** Task brief **
Produce a perfect copy of the listing, matching each line.

Segment Open

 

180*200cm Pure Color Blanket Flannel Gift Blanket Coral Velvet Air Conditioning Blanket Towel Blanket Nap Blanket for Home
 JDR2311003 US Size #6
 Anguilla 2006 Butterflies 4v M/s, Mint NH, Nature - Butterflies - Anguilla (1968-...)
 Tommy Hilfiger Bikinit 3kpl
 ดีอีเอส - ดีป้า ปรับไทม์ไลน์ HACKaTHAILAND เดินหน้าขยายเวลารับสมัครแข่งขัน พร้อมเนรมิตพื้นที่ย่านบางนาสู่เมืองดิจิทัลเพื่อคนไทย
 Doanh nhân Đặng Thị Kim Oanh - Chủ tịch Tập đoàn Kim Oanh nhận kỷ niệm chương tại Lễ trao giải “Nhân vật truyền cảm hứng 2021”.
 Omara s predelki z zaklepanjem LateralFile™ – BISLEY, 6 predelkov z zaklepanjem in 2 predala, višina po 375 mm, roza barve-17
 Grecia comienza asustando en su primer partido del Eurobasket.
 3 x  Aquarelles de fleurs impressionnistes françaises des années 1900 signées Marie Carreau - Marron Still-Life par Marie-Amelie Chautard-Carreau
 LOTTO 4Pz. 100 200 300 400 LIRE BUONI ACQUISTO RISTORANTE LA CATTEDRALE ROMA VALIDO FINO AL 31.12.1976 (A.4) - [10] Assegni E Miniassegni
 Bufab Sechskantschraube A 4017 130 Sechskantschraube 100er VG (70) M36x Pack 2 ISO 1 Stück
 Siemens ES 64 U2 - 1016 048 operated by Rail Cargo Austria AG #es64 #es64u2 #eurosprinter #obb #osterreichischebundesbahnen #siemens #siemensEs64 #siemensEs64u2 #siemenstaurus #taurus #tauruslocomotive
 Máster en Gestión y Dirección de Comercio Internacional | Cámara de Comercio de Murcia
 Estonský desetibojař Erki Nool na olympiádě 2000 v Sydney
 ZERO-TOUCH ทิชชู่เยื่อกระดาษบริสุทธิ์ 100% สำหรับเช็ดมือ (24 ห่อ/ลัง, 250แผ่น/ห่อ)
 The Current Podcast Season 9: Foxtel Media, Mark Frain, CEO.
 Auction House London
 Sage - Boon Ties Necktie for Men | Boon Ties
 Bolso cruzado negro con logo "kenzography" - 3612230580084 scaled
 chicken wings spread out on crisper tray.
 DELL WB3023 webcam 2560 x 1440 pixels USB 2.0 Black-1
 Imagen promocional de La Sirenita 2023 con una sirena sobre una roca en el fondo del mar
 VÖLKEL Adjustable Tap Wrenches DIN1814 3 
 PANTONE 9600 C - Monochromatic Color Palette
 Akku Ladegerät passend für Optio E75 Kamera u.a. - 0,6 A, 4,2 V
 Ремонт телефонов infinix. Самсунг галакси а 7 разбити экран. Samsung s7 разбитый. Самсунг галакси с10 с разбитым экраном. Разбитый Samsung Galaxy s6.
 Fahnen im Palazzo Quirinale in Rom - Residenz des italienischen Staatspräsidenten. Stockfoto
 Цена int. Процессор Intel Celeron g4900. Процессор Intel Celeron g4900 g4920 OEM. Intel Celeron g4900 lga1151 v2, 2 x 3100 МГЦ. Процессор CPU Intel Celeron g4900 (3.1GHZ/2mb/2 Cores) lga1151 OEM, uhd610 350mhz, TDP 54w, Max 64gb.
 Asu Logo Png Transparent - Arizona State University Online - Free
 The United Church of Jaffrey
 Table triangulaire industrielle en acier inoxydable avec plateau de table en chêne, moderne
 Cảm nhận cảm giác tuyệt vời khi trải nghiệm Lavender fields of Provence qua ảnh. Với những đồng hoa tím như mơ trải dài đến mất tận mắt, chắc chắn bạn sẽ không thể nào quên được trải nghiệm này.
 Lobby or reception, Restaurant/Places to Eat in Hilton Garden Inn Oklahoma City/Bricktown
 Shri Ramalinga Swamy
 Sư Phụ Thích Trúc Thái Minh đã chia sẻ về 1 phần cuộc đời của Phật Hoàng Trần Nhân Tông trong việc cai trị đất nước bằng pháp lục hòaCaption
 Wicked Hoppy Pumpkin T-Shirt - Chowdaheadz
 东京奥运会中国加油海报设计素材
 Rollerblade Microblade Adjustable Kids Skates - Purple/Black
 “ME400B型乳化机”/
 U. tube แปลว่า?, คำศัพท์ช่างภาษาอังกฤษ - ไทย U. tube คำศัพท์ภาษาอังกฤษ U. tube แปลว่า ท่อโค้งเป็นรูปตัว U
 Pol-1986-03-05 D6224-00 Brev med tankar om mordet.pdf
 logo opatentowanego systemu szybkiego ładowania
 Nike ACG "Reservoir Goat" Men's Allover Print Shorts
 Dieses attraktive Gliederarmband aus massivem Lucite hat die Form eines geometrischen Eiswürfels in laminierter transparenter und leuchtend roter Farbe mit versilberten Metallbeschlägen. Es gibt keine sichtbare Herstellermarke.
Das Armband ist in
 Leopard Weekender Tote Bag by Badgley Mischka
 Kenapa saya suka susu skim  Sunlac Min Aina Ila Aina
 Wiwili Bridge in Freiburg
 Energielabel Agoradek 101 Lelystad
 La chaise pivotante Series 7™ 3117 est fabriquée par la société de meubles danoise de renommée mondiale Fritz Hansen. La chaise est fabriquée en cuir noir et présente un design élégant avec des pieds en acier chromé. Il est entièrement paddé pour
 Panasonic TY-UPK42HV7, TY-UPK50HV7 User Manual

Segment Closed

** Written answer **
180*200cm Pure Color Blanket Flannel Gift Blanket Coral Velvet Air Conditioning Blanket Towel Blanket Nap Blanket for Home
 JDR2311003 US Size #6
 Anguilla 2006 Butterflies 4v M/s, Mint NH, Nature - Butterflies - Anguilla (1968-...)
 Tommy Hilfiger Bikinit 3kpl
 ดีอีเอส - ดีป้า ปรับไทม์ไลน์ HACKaTHAILAND เดินหน้าขยายเวลารับสมัครแข่งขัน พร้อมเนรมิตพื้นที่ย่านบางนาสู่เมืองดิจิทัลเพื่อคนไทย
 Doanh nhân Đặng Thị Kim Oanh - Chủ tịch Tập đoàn Kim Oanh nhận kỷ niệm chương tại Lễ trao giải “Nhân vật truyền cảm hứng 2021”.
 Omara s predelki z zaklepanjem LateralFile™ – BISLEY, 6 predelkov z zaklepanjem in 2 predala, višina po 375 mm, roza barve-17
 Grecia comienza asustando en su primer partido del Eurobasket.
 3 x  Aquarelles de fleurs impressionnistes françaises des années 1900 signées Marie Carreau - Marron Still-Life par Marie-Amelie Chautard-Carreau
 LOTTO 4Pz. 100 200 300 400 LIRE BUONI ACQUISTO RISTORANTE LA CATTEDRALE ROMA VALIDO FINO AL 31.12.1976 (A.4) - [10] Assegni E Miniassegni
 Bufab Sechskantschraube A 4017 130 Sechskantschraube 100er VG (70) M36x Pack 2 ISO 1 Stück
 Siemens ES 64 U2 - 1016 048 operated by Rail Cargo Austria AG #es64 #es64u2 #eurosprinter #obb #osterreichischebundesbahnen #siemens #siemensEs64 #siemensEs64u2 #siemenstaurus #taurus #tauruslocomotive
 Máster en Gestión y Dirección de Comercio Internacional | Cámara de Comercio de Murcia
 Estonský desetibojař Erki Nool na olympiádě 2000 v Sydney
 ZERO-TOUCH ทิชชู่เยื่อกระดาษบริสุทธิ์ 100% สำหรับเช็ดมือ (24 ห่อ/ลัง, 250แผ่น/ห่อ)
 The Current Podcast Season 9: Foxtel Media, Mark Frain, CEO.
 Auction House London
 Sage - Boon Ties Necktie for Men | Boon Ties
 Bolso cruzado negro con logo "kenzography" - 3612230580084 scaled
 chicken wings spread out on crisper tray.
 DELL WB3023 webcam 2560 x 1440 pixels USB 2.0 Black-1
 Imagen promocional de La Sirenita 2023 con una sirena sobre una roca en el fondo del mar
 VÖLKEL Adjustable Tap Wrenches DIN1814 3 
 PANTONE 9600 C - Monochromatic Color Palette
 Akku Ladegerät passend für Optio E75 Kamera u.a. - 0,6 A, 4,2 V
 Ремонт телефонов infinix. Самсунг галакси а 7 разбити экран. Samsung s7 разбитый. Самсунг галакси с10 с разбитым экраном. Разбитый Samsung Galaxy s6.
 Fahnen im Palazzo Quirinale in Rom - Residenz des italienischen Staatspräsidenten. Stockfoto
 Цена int. Процессор Intel Celeron g4900. Процессор Intel Celeron g4900 g4920 OEM. Intel Celeron g4900 lga1151 v2, 2 x 3100 МГЦ. Процессор CPU Intel Celeron g4900 (3.1GHZ/2mb/2 Cores) lga1151 OEM, uhd610 350mhz, TDP 54w, Max 64gb.
 Asu Logo Png Transparent - Arizona State University Online - Free
 The United Church of Jaffrey
 Table triangulaire industrielle en acier inoxydable avec plateau de table en chêne, moderne
 Cảm nhận cảm giác tuyệt vời khi trải nghiệm Lavender fields of Provence qua ảnh. Với những đồng hoa tím như mơ trải dài đến mất tận mắt, chắc chắn bạn sẽ không thể nào quên được trải nghiệm này.
 Lobby or reception, Restaurant/Places to Eat in Hilton Garden Inn Oklahoma City/Bricktown
 Shri Ramalinga Swamy
 Sư Phụ Thích Trúc Thái Minh đã chia sẻ về 1 phần cuộc đời của Phật Hoàng Trần Nhân Tông trong việc cai trị đất nước bằng pháp lục hòaCaption
 Wicked Hoppy Pumpkin T-Shirt - Chowdaheadz
 东京奥运会中国加油海报设计素材
 Rollerblade Microblade Adjustable Kids Skates - Purple/Black
 “ME400B型乳化机”/
 U. tube แปลว่า?, คำศัพท์ช่างภาษาอังกฤษ - ไทย U. tube คำศัพท์ภาษาอังกฤษ U. tube แปลว่า ท่อโค้งเป็นรูปตัว U
 Pol-1986-03-05 D6224-00 Brev med tankar om mordet.pdf
 logo opatentowanego systemu szybkiego ładowania
 Nike ACG "Reservoir Goat" Men's Allover Print Shorts
 Dieses attraktive Gliederarmband aus massivem Lucite hat die Form eines geometrischen Eiswürfels in laminierter transparenter und leuchtend roter Farbe mit versilberten Metallbeschlägen. Es gibt keine sichtbare Herstellermarke.
Das Armband ist in
 Leopard Weekender Tote Bag by Badgley Mischka
 Kenapa saya suka susu skim  Sunlac Min Aina Ila Aina
 Wiwili Bridge in Freiburg
 Energielabel Agoradek 101 Lelystad
 La chaise pivotante Series 7™ 3117 est fabriquée par la société de meubles danoise de renommée mondiale Fritz Hansen. La chaise est fabriquée en cuir noir et présente un design élégant avec des pieds en acier chromé. Il est entièrement paddé pour
 Panasonic TY-UPK42HV7, TY-UPK50HV7 User Manual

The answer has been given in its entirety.